Hint: Start with small numbers, and work your way up.

Hint: I suggest starting with raw OpenFST for 0-999, and then moving to Thrax for the rest (it can get quite tedious otherwise).

Tip: fstprintstrings takes the same --isymbols= and --osymbols arguments as any other OpenFST program.

Tip: The Russian number-naming system is extraordinarily complex, so maybe don't choose that one? (Unless you really want to, and know enough Russian to have it not be horribly painful).

Part 2: ROT-13

ROT-13 is an example of a Caesar cipher, a category of historically-important (but functionally useless) ciphers. ROT-13 has the interesting property that it is its own inverse— i.e., ROT13(ROT13(x))=x.

Create an FST that will encipher/decipher ROT-13-encoded messages. You need only worry about the letters a-z, in both upper-case and lower-case, as well as standard ASCII punctuation (which should pass through ROT-13 unchanged).

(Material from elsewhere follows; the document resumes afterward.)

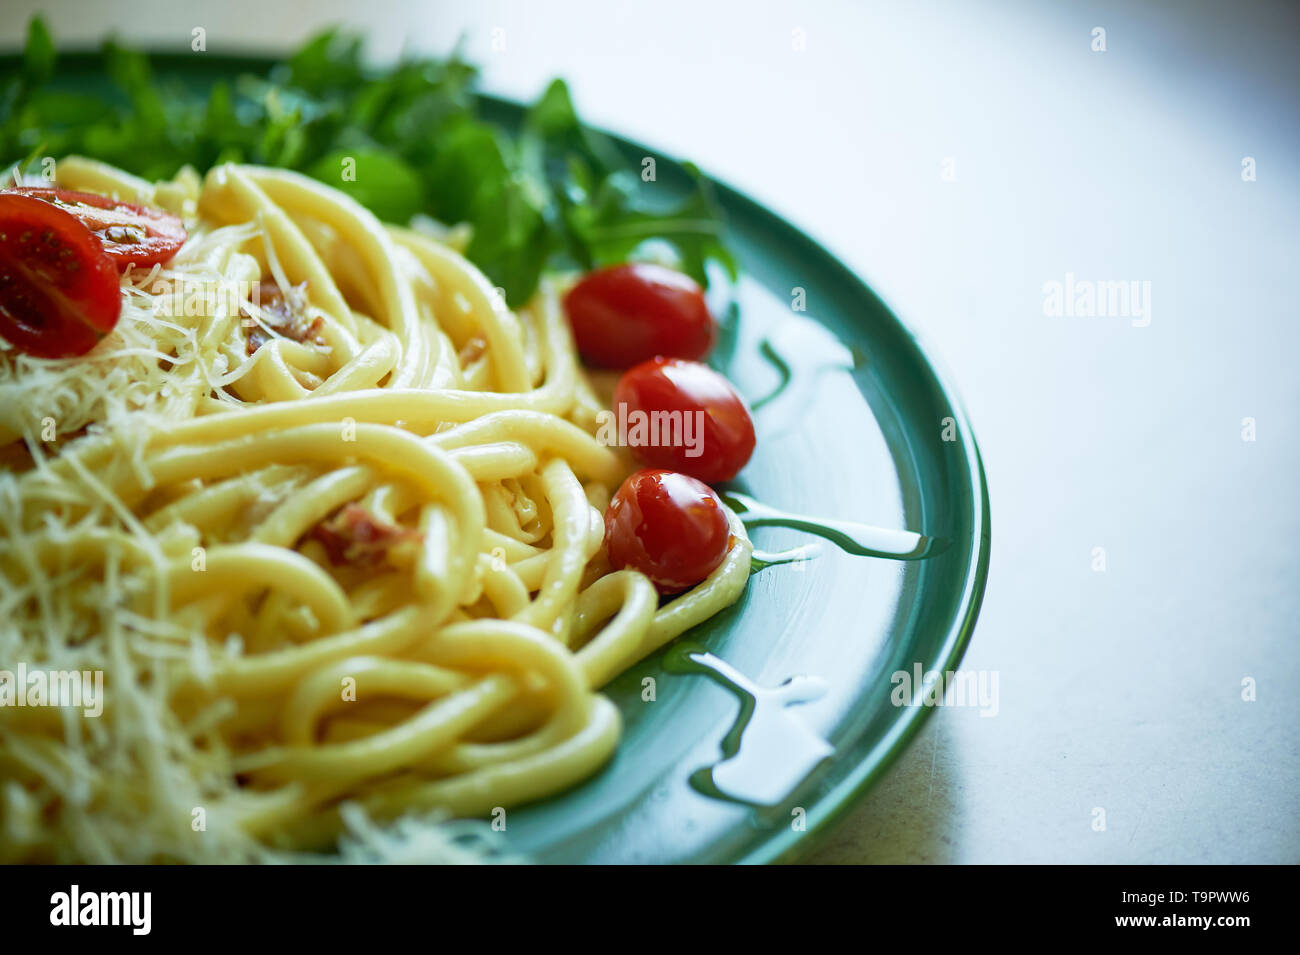 La pasta alla carbonara con parmigiano grattugiato e pomodorini, decorato con foglie di rucola.Italiano per pranzo. Foto Stock

This should be pretty easy; so, let's make things more interesting. The traditional way to break a substitution cipher is to use character frequency counts (i.e., if the letter "j" appears most often in the ciphertext, you might guess that it means "e", and so on). In an attempt to foil this, our adversary scrambles their message's vowels before enciphering with ROT-13. They do this by choosing, for each vowel, a different vowel at random. So, for example, the word "example" might be transformed into "ixumpla".

You intercept the following message:

Ule zhguve nayl fpryqbq ube she ovrat ahafvafnpry.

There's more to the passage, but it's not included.